The third sed script finds function definitions and edits them into a
prototype. It puts both the names and the types of the arguments in the
prototype declaration. I can't be sure that the prototype syntax is strictly
ANSI conforming, since I don't have an ANSI compiler, but it looks right
(and what do you want for free?).
The interesting part of this sed script is that it allows the argument type
declarations to be in a different order from the argument list inside the
parens, and any argument in the list that does not appear in a type
declaration correctly defaults to int. The implementation depends on a little
known feature of the \1,\2,... notation of sed, namely that \1 is defined as
soon as the first \) is encountered, and can therefore usefully appear later
in the same pattern as the \). This is a significant extension beyond the
power of standard regular expressions, since it allows, e.g., the matching of
a...aba...a, where the number of a's before and after the b must be equal.
There are very few restrictions made on the form and content of the C source
files, mostly quite reasonable. See the shell script for details.
If you use preprocessor macros to significantly alter the syntax of function
definitions, then the files have to be filtered through "cc -E" before the sed
scripts can understand them. This possibility is provided for in the shell
script.
One more thing -- BSD sed is assumed, and the scripts will not work without
a minor, but infuriating, change for System V: all the comments except the
first line have to be removed. Feel free, if you have to suffer under this
version of sed. There are also problems with the fact that a backslash is
interpreted literally as itself inside of [] on Sys V, a bug that prevents
\n from being specified as one of the characters in a set, among other things.
Use in good health.
Michael Condict {att|allegra}!m10ux!mnc
AT&T Bell Labs (201)582-5911 MH 3B-416
Murray Hill, NJ
-----------------------------------------------------------------------------
Cut into the specified files at lines beginning with "-----" and remove
"X" from beginning of other lines:
---------------------------- fdecs -------------------------------------------
X
X# This script, given C source files, finds all the function definitions
X# of the form "type_decl f(a,b,...) type_decl a; type_decl b; ... { body }",
X# and outputs a file of extern func declarations suitable for a .h file.

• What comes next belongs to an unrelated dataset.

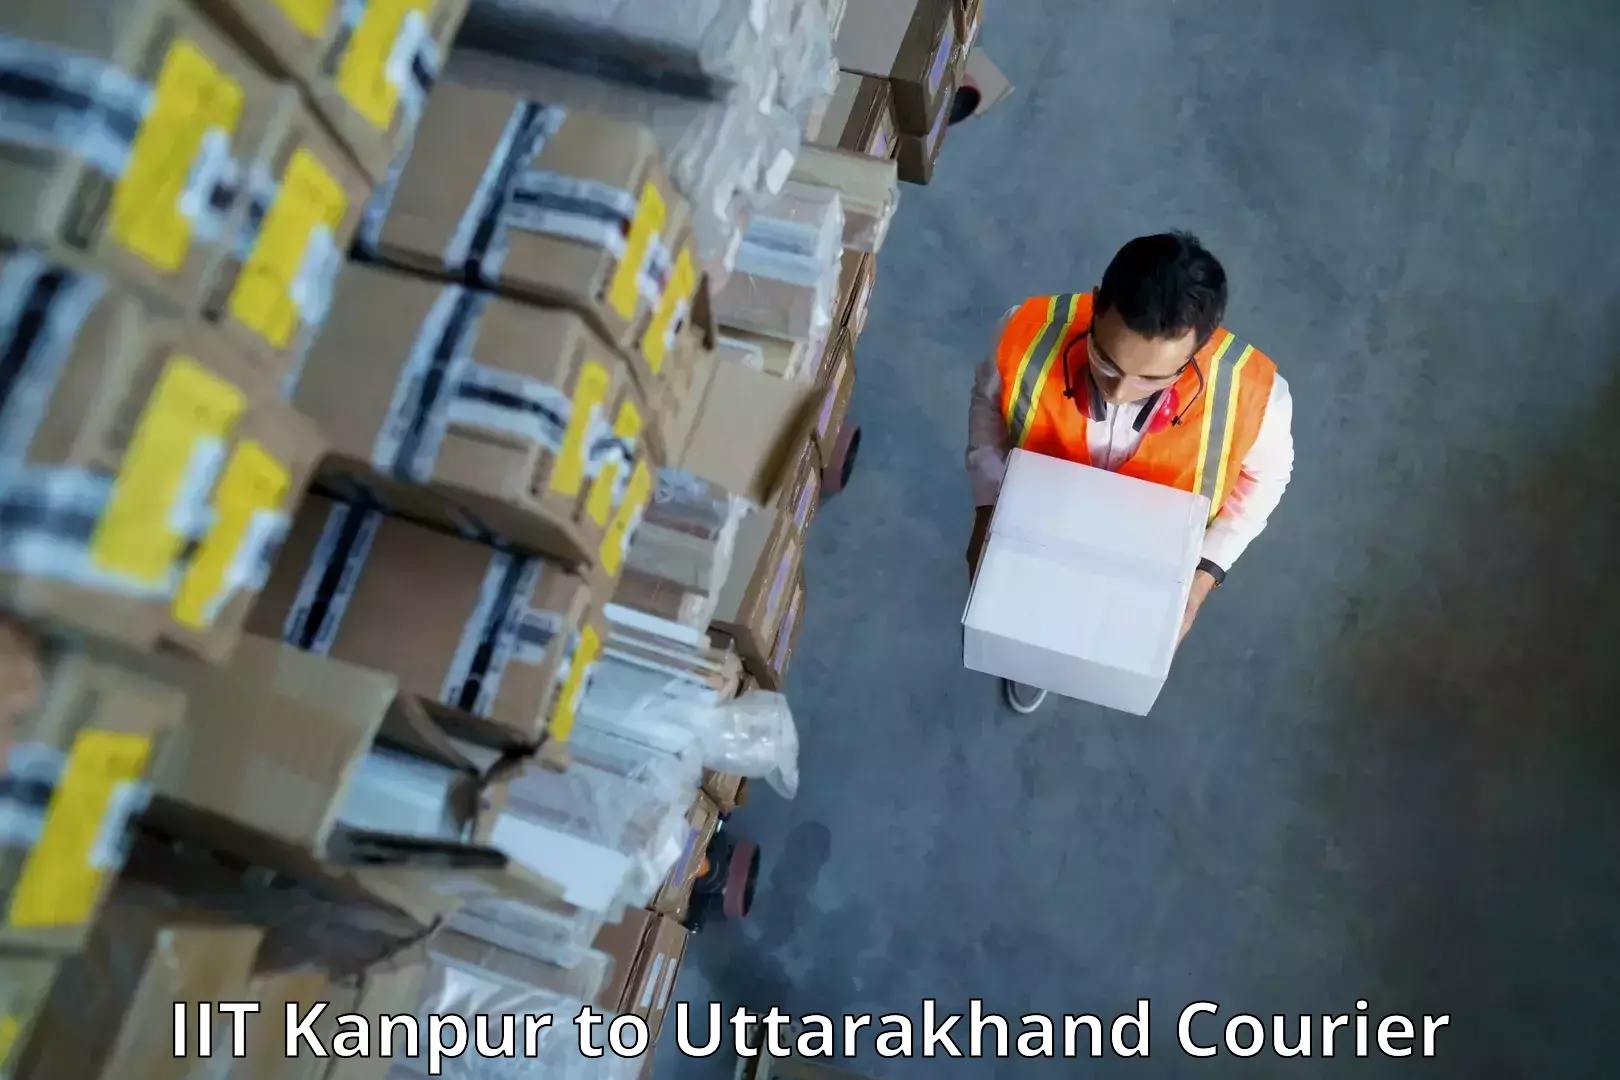 Cross-border shipping IIT Kanpur to IIT Roorkee

X# The only restriction is that the type_decl's must be no more complicated
X# than what can be formed with names, * and []. That is, the type_decl's may
X# not contain "(*x)[]" or "struct ... {", although, e.g., "struct A" is
X# allowed.
X#
X# The types and names of the args are placed in a comment inside the parens.
X# The output is one line of the form
X#
X# type_decl f(/* type_decl a, type_decl b, . . . */);
X#
X# for each function f defined in the source files. Note that the output
X# is a legal ANSI-C function prototype if the comment delimiters are
X# removed, but with the comments it is acceptable to old C compilers.
X
XSEDDIR=.
X
XIflag=""
Xwhile [ "$#" -gt 0 ]; do
X case "$1" in
X -I*) Iflag="$Iflag $1"; shift
X ;;
X -*) echo "Usage: $0 [ -Iincl_dir ] ... file ..."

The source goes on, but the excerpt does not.